In an article bearing a similar title1, Eugene Wigner once wondered about the numerous and unexpected ways in which mathematics comes into play in the natural sciences. While our topic and claims are much humbler, we find ourselves puzzled by the unreasonable affinity of knot theory and certain parts of algebra. It figures that knot theory is related to 3-dimensional topology. But why on earth should the mundane study of tangled shoelaces and unwieldy piles of seamen's rope be related to the elegance and sophistication of the likes of Lie algebras, 6j-symbols and homological algebra?
I will start my talk enthrilling half the audience with the definition of finite type (Vassiliev) invariants and their basic theory, leading to their well known relationship with Lie algebra2 (the other half of the audience will be dead bored). I'll move on to a vague and less well known discussion of the relationship between knots, quandles and Lie algebras, which in my opinion is one of the quickest ways to notice that there's something algebraically deep about knots. Finally I will say a few words about Khovanov's categorification of the Jones polynomial3,4 and about L. Ng's new contact homology invariants5.

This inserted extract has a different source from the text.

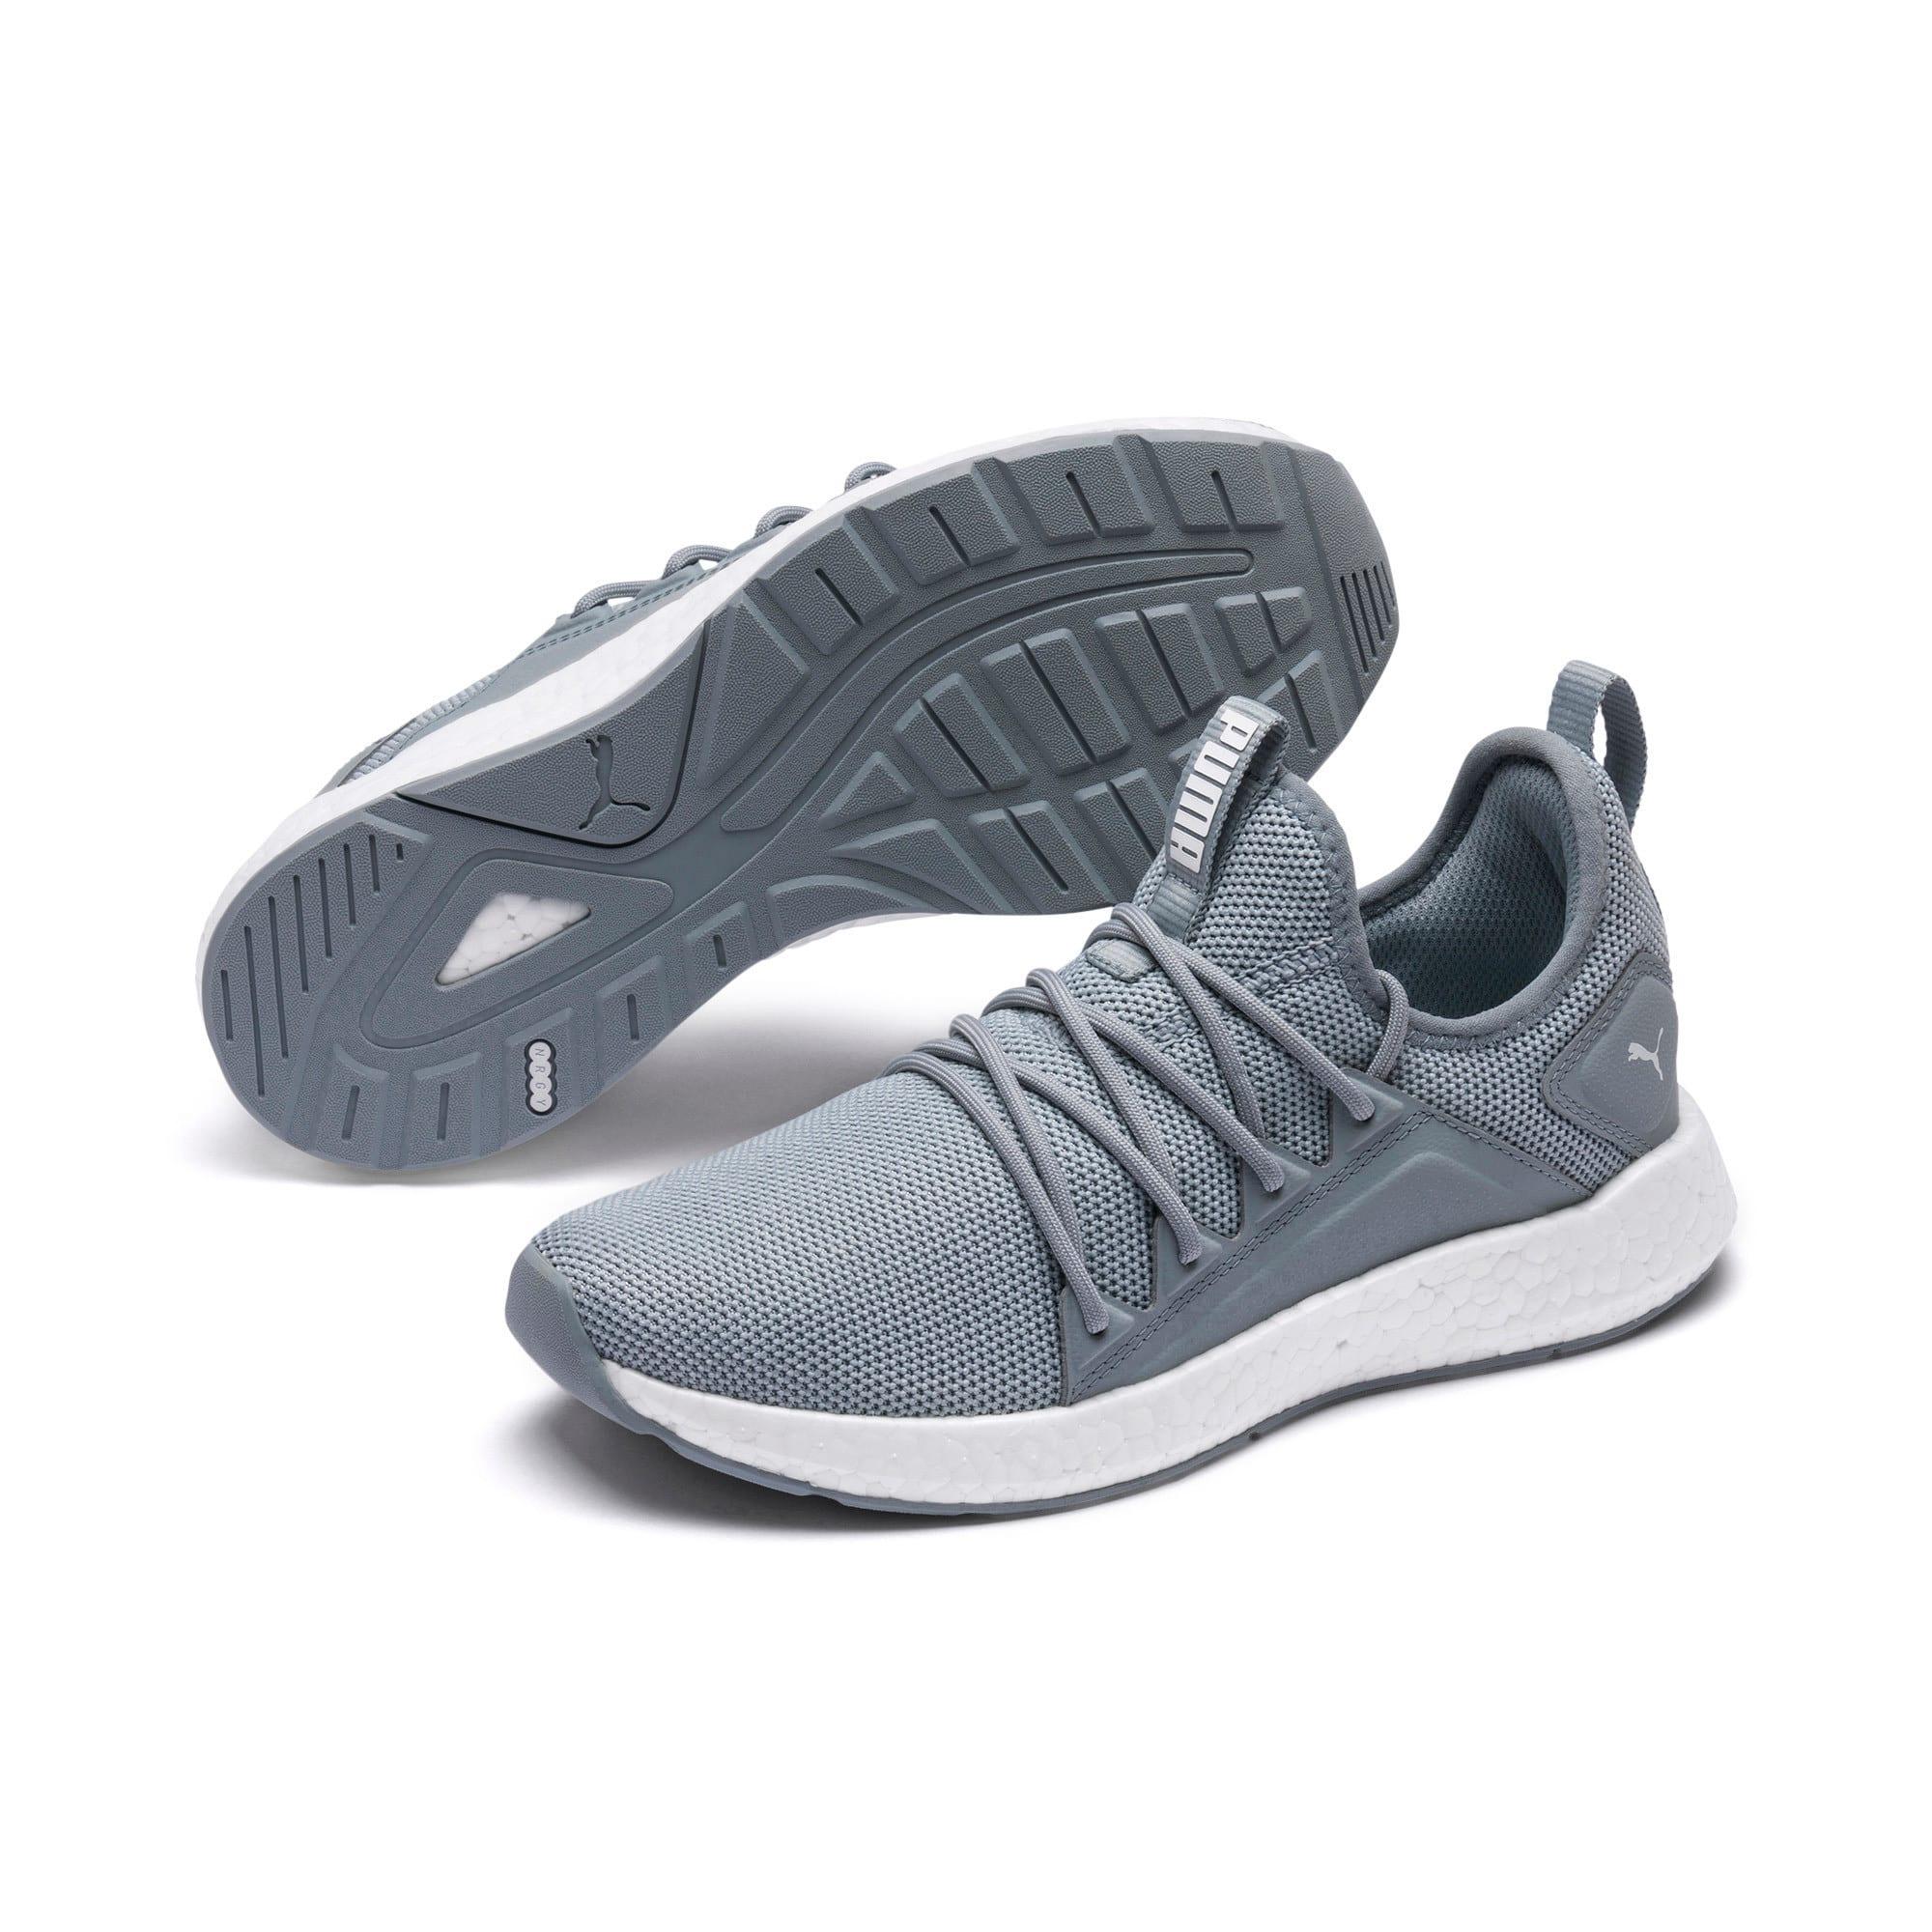 Thumbnail 2 of NRGY Neko Women's Running Shoes, Quarry-Puma White, medium
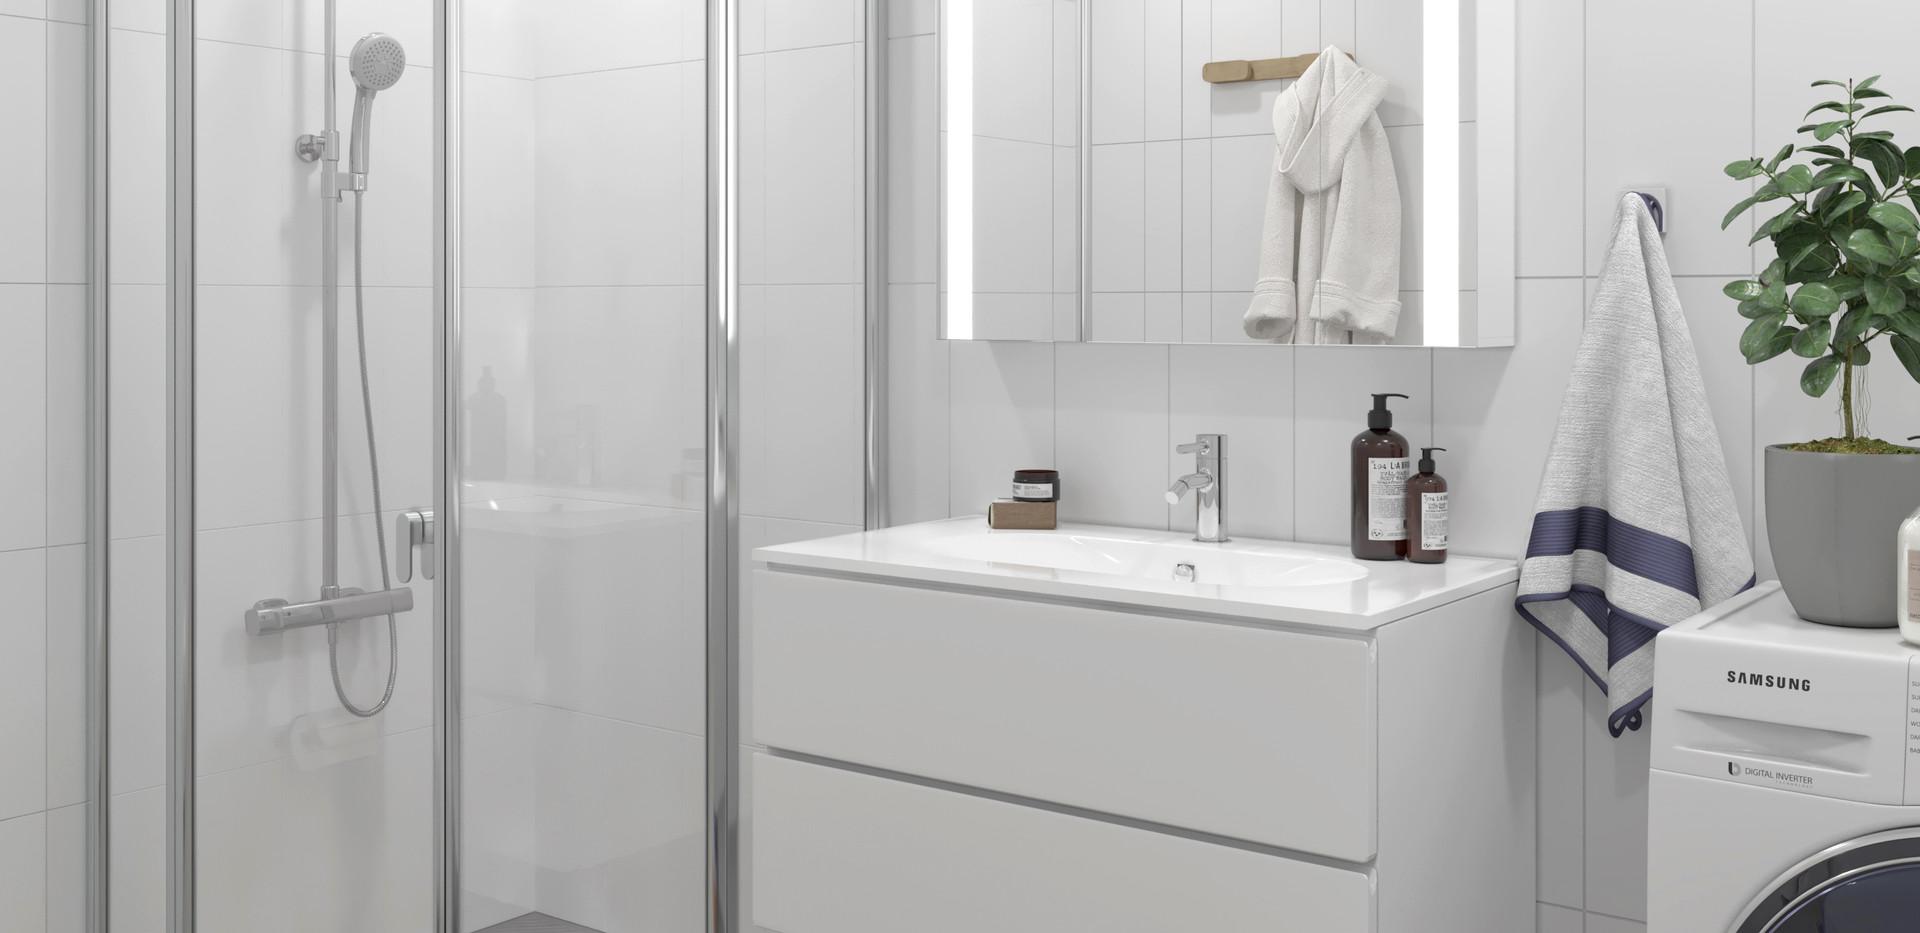 Mosveien_Interior_A4105 bathroom_tz5.jus

1 Eugene Wigner, The Unreasonable Effectiveness of Mathematics in the Natural Sciences, Communications in Pure and Applied Mathematics 13-I (1960).
2 Dror Bar-Natan, On the Vassiliev knot
invariants, Topology 34 (1995) 423-472.
3 Mikhail Khovanov, A
categorification of the Jones polynomial, arXiv:math.QA/9908171.
4 Dror Bar-Natan, On Khovanov's
categorification of the Jones polynomial, arXiv:math.GT/0201043.
5 Lenhard Ng, Knot and braid
invariants from contact homology I and II, arXiv:math.GT/0302099
and arXiv:math.GT/0303343.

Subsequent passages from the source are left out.